Scheduling shifts, increasing content demand drive surge. Could it undercut efforts to expand California’s tax credit program?
Television production in the Los Angeles region spiked in the second quarter, rising by 33.7 percent from the same period last year, according to a survey released Wednesday by permitting agency FilmLA.
With cable continuing to expand, the advent of premium streaming services like Netflix, its rivals and the networks struggling to keep up, the demand for TV content is surging. The survey, based on the number of permitted on-location shooting days, attributed the gains in part to production shifts, as the TV biz launches more shows in the summer.
The new figures represent a major turnaround from the first quarter, which was down by 9.2 percent from the same period a year ago. The second quarter was also way above, coincidentally by the same 33.7 percent, the sector’s five-year quarterly average.
That’s a good thing for a region that has been struggling to remain the primary shooting locale for TV and films amid increasing competition from other states and nations offering well-funded tax credit programs. On the other hand, the surprisingly strong second-quarter numbers could undercut ongoing legislative efforts to extend and expand California’s own TV and film tax credit programs.
“When a number like this hits, opponents of the tax credits will jump on it and say it shows they’re unnecessary,” FilmLA President Paul Audley told TheWrap. “But it’s critical to note that we’re barely above 50 percent of what we were in 2006-2008, the peak years for TV production.”
Permitted production days hovered near 7,000 annually during those years, rather than today, when the figure is around 4,000 days.
“As much as anything, it shows that there is a dramatic shift in the way that television is being produced,” Audley said. “It will be very interesting to see if this second-quarter spike comes out of the third quarter, which is traditionally strong, because of the numbers of summer shows shooting.”

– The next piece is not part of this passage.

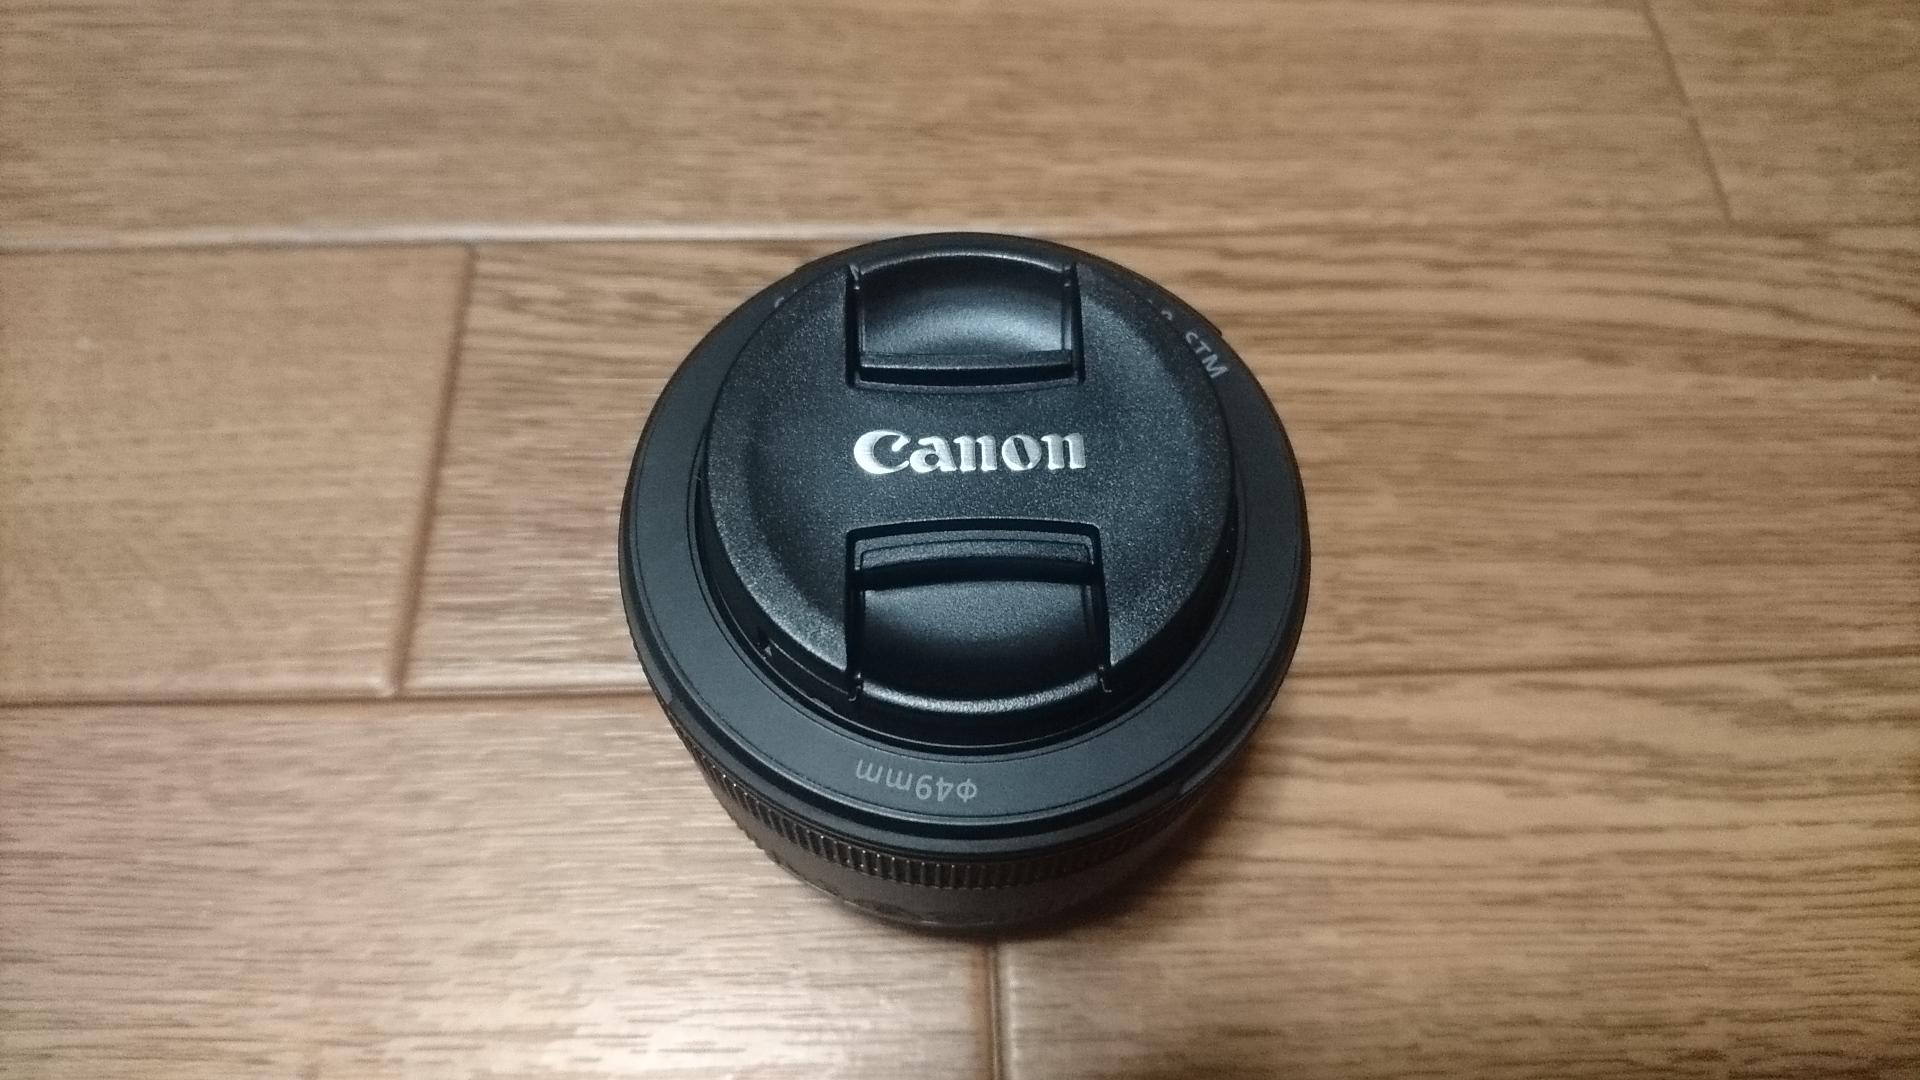 Canon 単焦点レンズ EF50mm F1.8 その2

The TV gains were nearly across the board. The on-location production of dramas was up 58.6 percent from the same period last year, reality shoots rose 64 percent, sitcoms were up 5.5 percent and Web-based TV went up 3.4 percent. The only sector losing ground was TV pilot production, which fell 26.6 percent.
The current tax credit program was a key factor in the surge; 43 percent of the TV drama production came from state-qualified projects including “Legends,” “Major Crimes,” “Murder in the First” and “Teen Wolf.”
Feature film production in the L.A. area declined 5.3 percent last quarter, with 10.8 percent of the production days attributed to films taking advantage of tax breaks, including “American Sniper,” “Entourage,” “Scouts vs. Zombies” and “The Purge 2.”
Audley says he hopes people will take the long view in terms of the TV production spike and the pending tax bill, AB1839.
“History teaches us how quickly apparent gains in local production can be swept away,” he said. “Strengthening the programs that make California competitive and attractive for filming is essential to our state’s long-term prosperity.”